- Occupations: Director, producer, actor
- Title: Founder & CEO, Drayton Entertainment
- Partner: Jackie Mustakas
- Children: Hadley and Lukas Mustakas
- Website: www.draytonentertainment.com

= Alex Mustakas =

Canadian actor and Theatre Director

Alex Mustakas is a Canadian actor and theatre director. He is the founding Artistic Director of Drayton Entertainment, a not-for-profit professional theatre company based in Southwestern Ontario. His current title is Founder and CEO.

== Early life ==
Mustakas was born in Cyprus and emigrated to Canada at the age of six, the middle of three children. After watching his parents struggle as immigrants in a new country, his values of giving back were formed after they received help through the Greek-Cypriot community which he calls vital association. One of his first jobs as a teenager was working for his parents, serving coffee at the Bus Terminal Coffee Shop in Downtown Galt in Cambridge. While attending Eastwood Collegiate, he was a soccer and basketball star but it was apparent he was a performer at heart and drawn to the stage. Teachers encouraged him to attend the National Theatre School but that was not a path approved by his family. They were adamant that he attend university and study business.

After earning a business degree from Wilfrid Laurier University, Mustakas became gainfully employed in the corporate sector. While thriving in the business world he privately studied voice with Victor Martens and continued to perform with Kitchener-Waterloo Musical Productions. It was there he met Alan Lund, Artistic Director of the famed Charlottetown Festival. He decided he wanted to pursue a career as a professional performer.

Following a few years on stage, Mustakas became interested in theatre administration and pursued a master's degree in Arts Administration at City University in London. While in England, he worked on a project for Gresham College where he evaluated data concerning A Historical Examination of Industrial Support for the Arts in the United Kingdom. When he returned to Canada he launched the Drayton Festival Theatre in 1991 out of a tiny, virtually unused theatre in the crossroads community of Drayton, Ontario. These were the first steps towards what is now known as Drayton Entertainment.

== Drayton Entertainment ==
As popularity grew in Drayton, and the community continued to support the venture, a second stage was added in St.

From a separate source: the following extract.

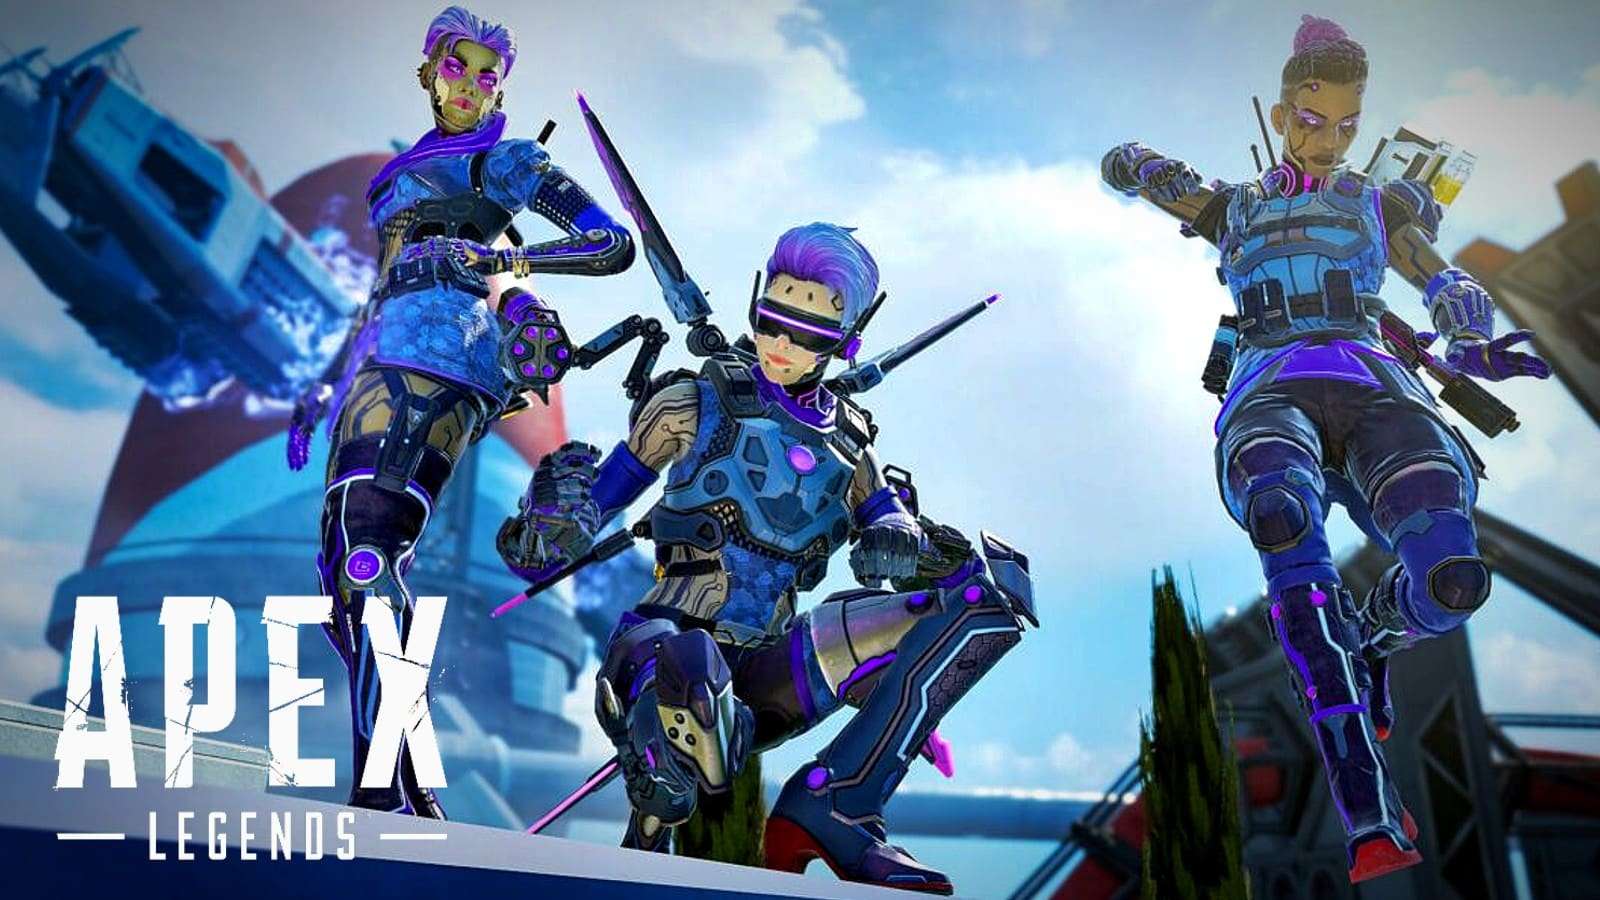 Apex Legends Free For All mode

Jacobs – The Schoolhouse Theatre. The King's Wharf Theatre in Penetanguishene followed suit in 1999. Nestled within Discovery Harbour on Georgian Bay, the rustic theatre was a perfect complement with the venues in Drayton and St. Jacobs. On the outskirts of Grand Bend, the Huron Country Playhouse which meant summer theatre to so many, joined the Drayton Entertainment family of theatres in 2001. To commemorate its 40th anniversary in 2011, the theatre completed a major renovation, expanding the intimate Huron Country Playhouse II auditorium. Located in the heart of Waterloo Region's Market District, the St. Jacobs Country Playhouse opened to instant acclaim in 2005 and operates year-round in this popular tourism mecca. The most recent venue, Hamilton Family Theatre Cambridge (formerly the Dunfield Theatre Cambridge) Cambridge opened in 2013. Located in the historic community of Galt, the complex includes a 500-seat theatre alongside multiple rehearsal halls, as well as administration, props, wardrobe, and production facilities for Drayton Entertainment.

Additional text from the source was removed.